What is your best catch of the season? Show me your pictures =)

To be honest my favorite best catch was this skate that ate my whole live roundhead and it weight at least 3 lbs. This was at seagull pier of course.


----------



## rwh (Dec 10, 2012)

I caught these tautog in April. I havent caught anything picture worthy since!


----------



## DANtheJDMan (Aug 29, 2012)

I fished BBWR on the free fishing day in June.


----------



## Benji (Nov 19, 2014)

How do you post pictures from a mobile phone without f-book?


----------



## rwh (Dec 10, 2012)

Benji, you have to use the "Full Site" view , at the bottom of the page, instead of the mobile view, then you can post pics.


----------



## pepedesilva (Jun 7, 2014)

My friend came down from Michigan and crushed these three fish in about an hour.

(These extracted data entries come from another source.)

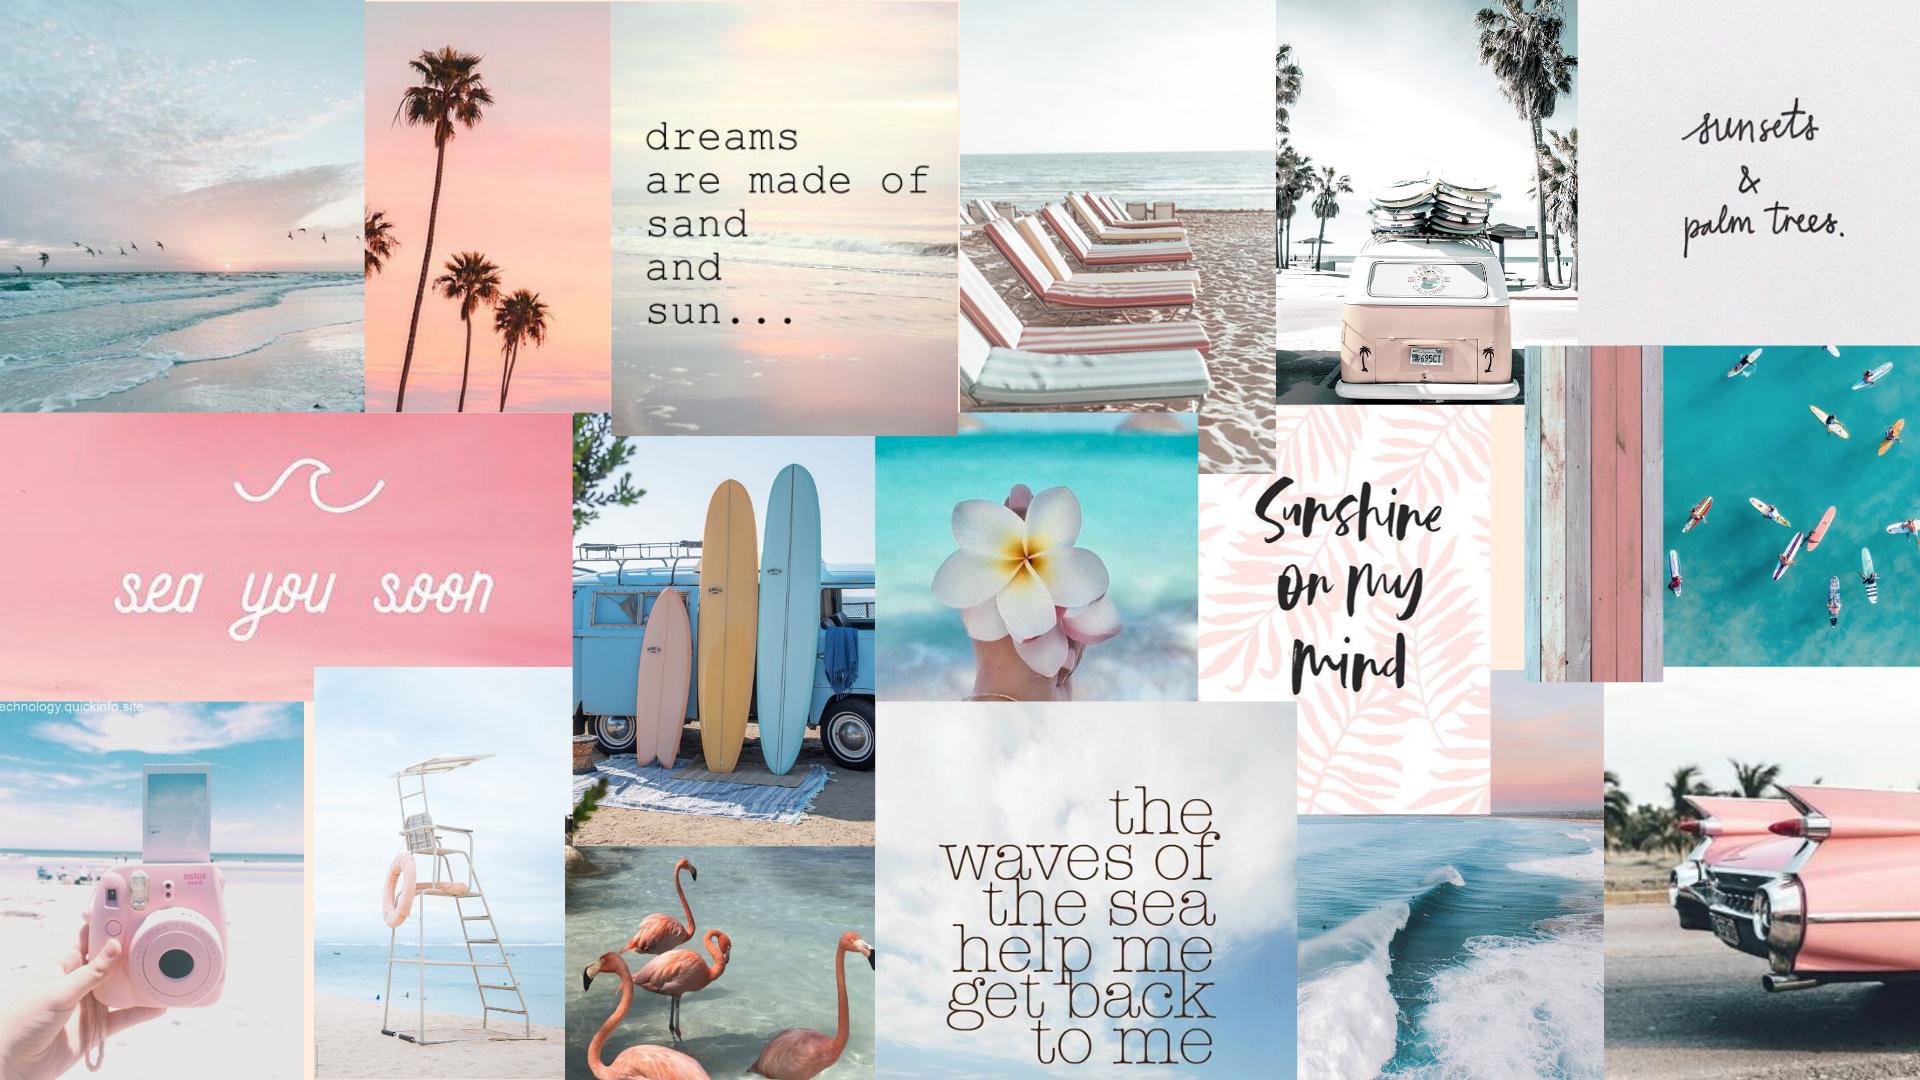 Summer Beach Vibes Wallpaper In 2021 Computer Wallpaper Desktop Wallpapers Aesthetic Desktop Wallpaper Cute Desktop Wallpaper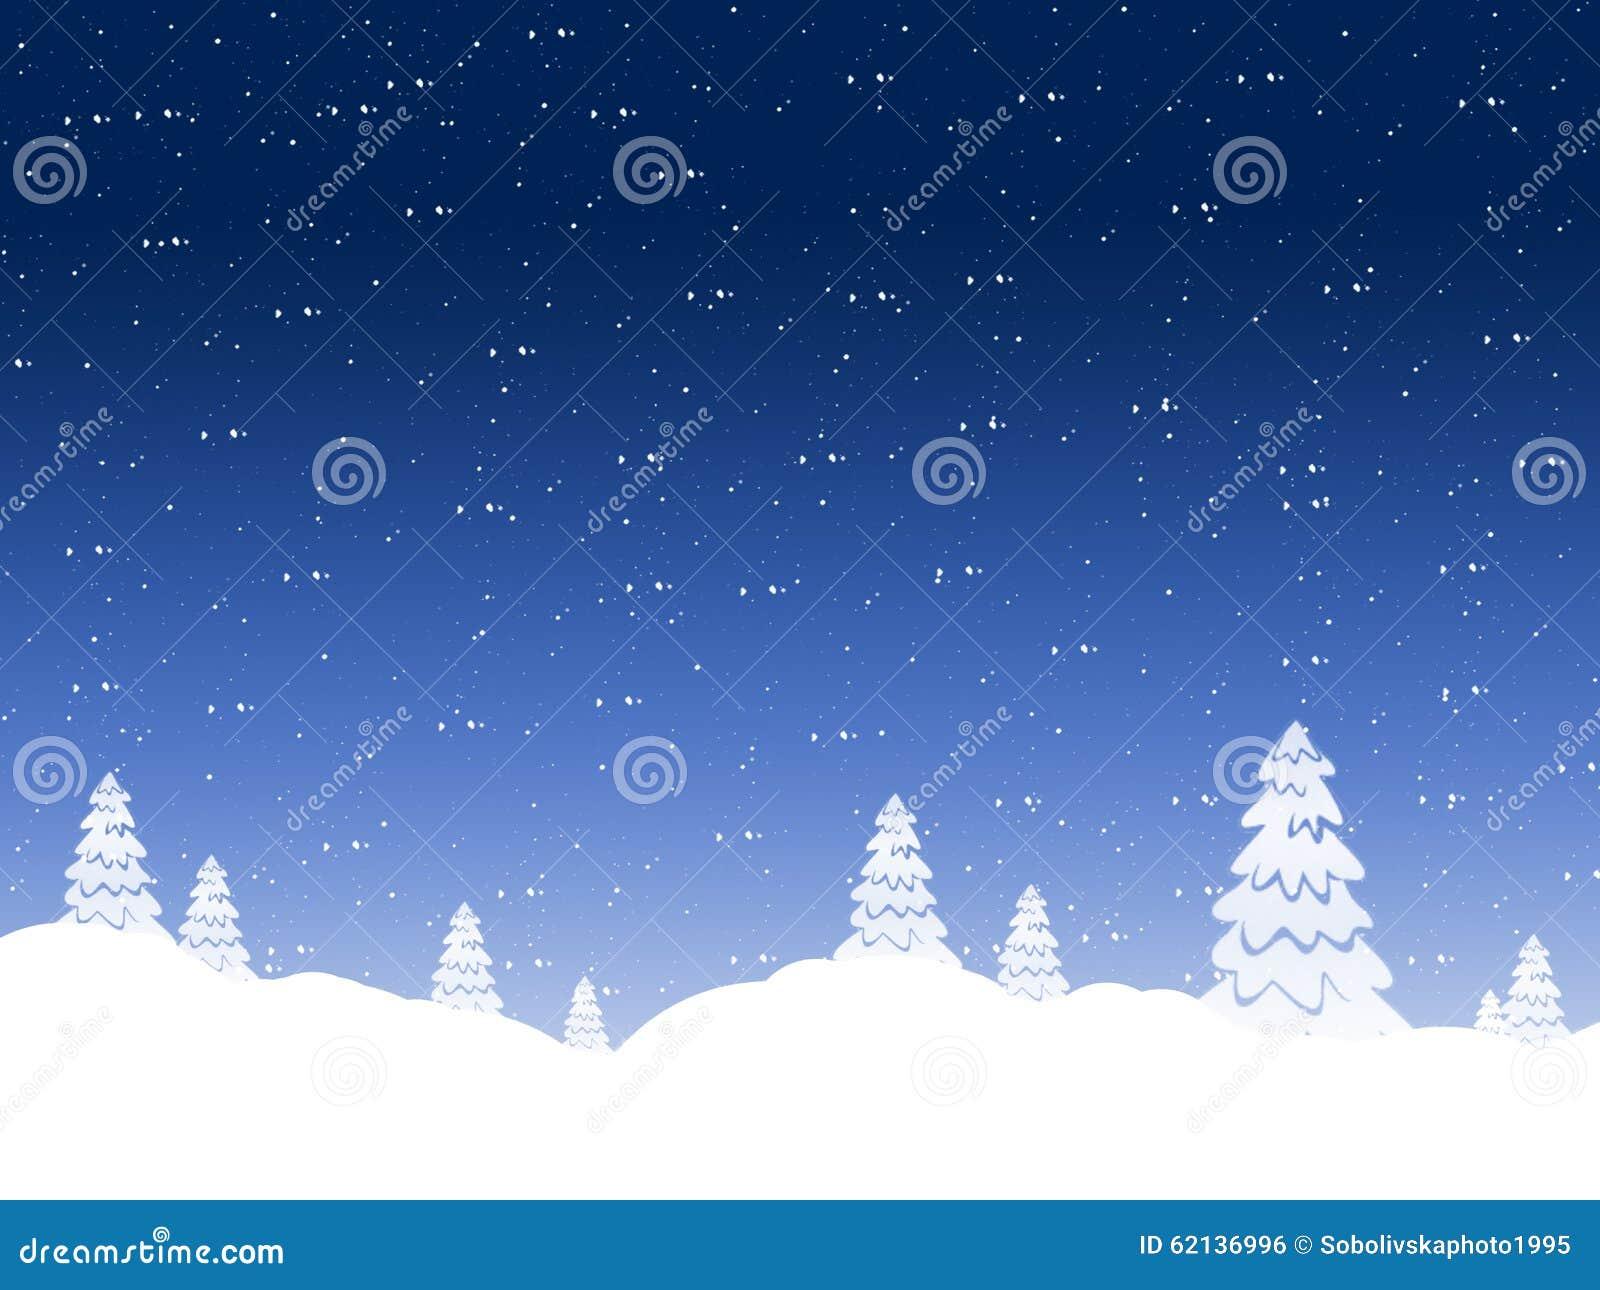 De achtergrond van de winter dalende sneeuw tegen de donkerblauwe hemel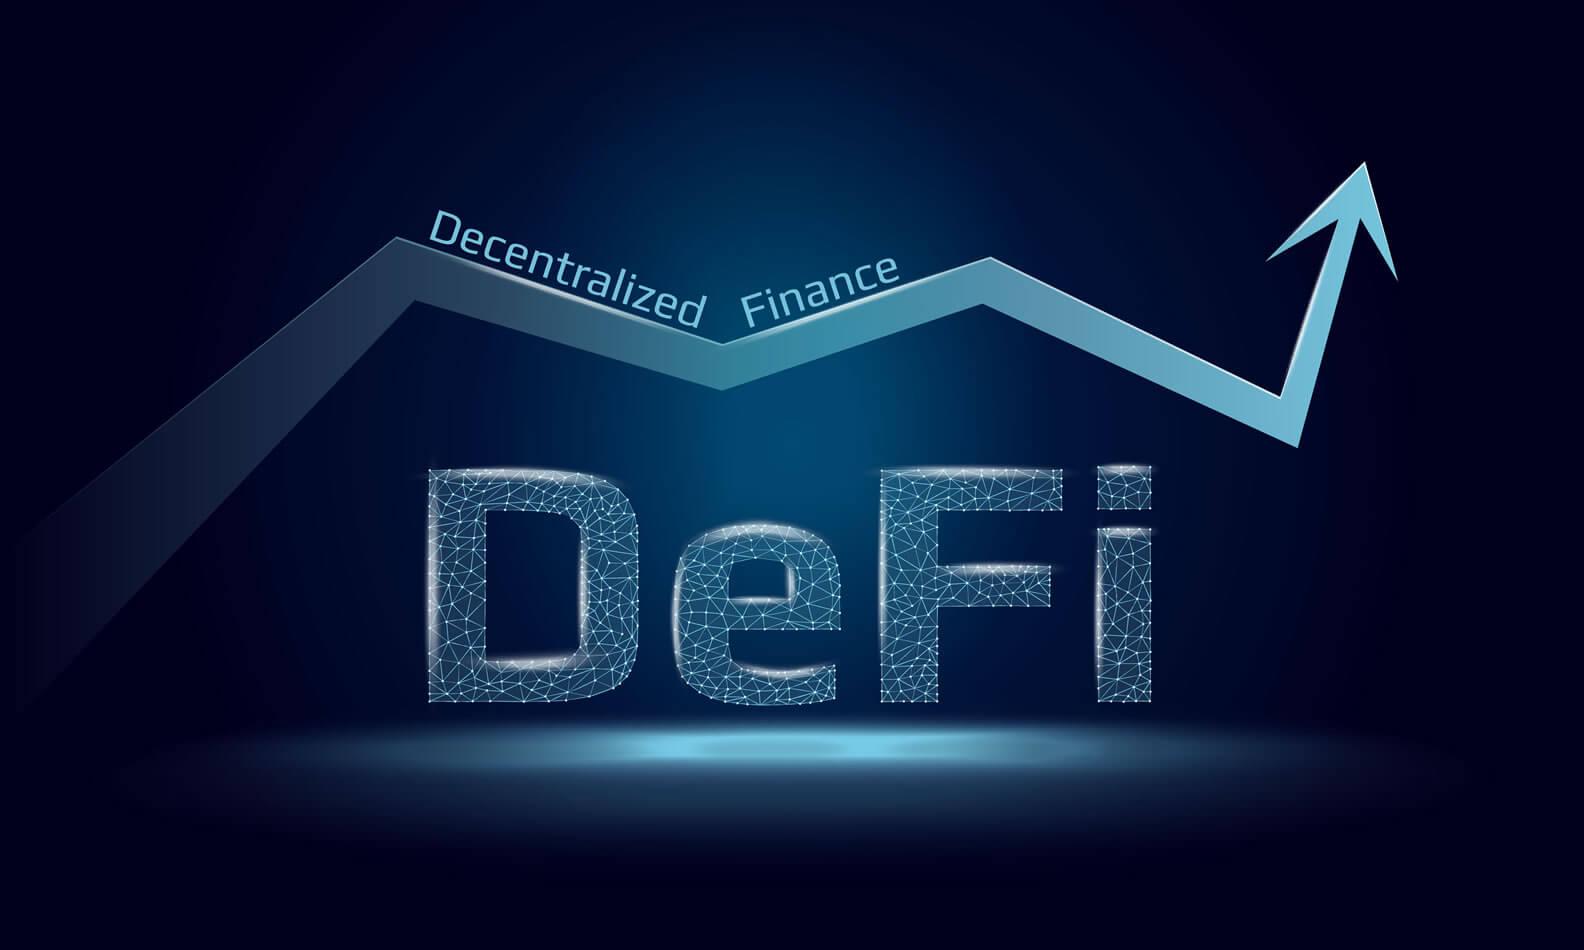 DeFiと仮想通貨の関係性とは

As for my season, I guess this big oyster toad was pretty fun.


----------



## Benji (Nov 19, 2014)




----------



## Benji (Nov 19, 2014)

Thanks rwh


----------



## IPNURWATER (Aug 20, 2013)

Small king


----------



## IPNURWATER (Aug 20, 2013)

lots of Spanish from nc while visiting my brother in nc. installed a secondary GPS,radio,distress unit and 10 inch LCD screen onto this kataram with twin 150s ,but we had to test evrything.so we took for a test run while catching these Spanish and king..free boat for the day lol...


----------



## IPNURWATER (Aug 20, 2013)

sexy kataram I worked on . most of my good catches show to much of my special land fishing spots. Gotta do some croping before I post more pics.. Here's some houndfish but this one was about 4ft (what the locals called it from organ inlet bridge .got bored that day only thing around.


----------



## slpezy (Jul 12, 2015)

Puppy Drum caught at va beach ocean front pier


----------



## Flounder Pounder (May 24, 2001)

I've been out of the salt water fishing since moving to Fredericksburg area. Been bass and snakehead fishing, caught these SH in Gambo Creek off the Potomac. Biggest SH was 12.3 lbs/32". The biggest fish in the picture of 4 was 10 lbs/30". Hands down, they are the best fish I have ate.


----------



## QBALL (Jun 26, 2014)

These are definitely my best catches this year and in my life for that matter. 42" cobias down @ cbbt , 31" flathead catfish and 2 30" channel cats @ sesquehanna river.


----------



## johnnyleo11 (Dec 17, 2003)

Nice pictures, everyone!


----------



## GlockViking (Aug 29, 2010)

Right at 17"


----------



## Elgreco (Aug 12, 2014)

Sadly this is my best so far. 18 incher.


----------



## marv1234 (Nov 10, 2014)

Well this blacktip shark plus another 4ft blacktip shark I caught would be the best of the season. Hopefully I can catch a mako one day and it would be dangerous but awesome.


----------



## NOB_legend (Jan 26, 2013)

that's about it for me.


----------



## n6dlh (Sep 9, 2015)

Here is my thus far.
The 2 drum were caught in Corova in the surf.


----------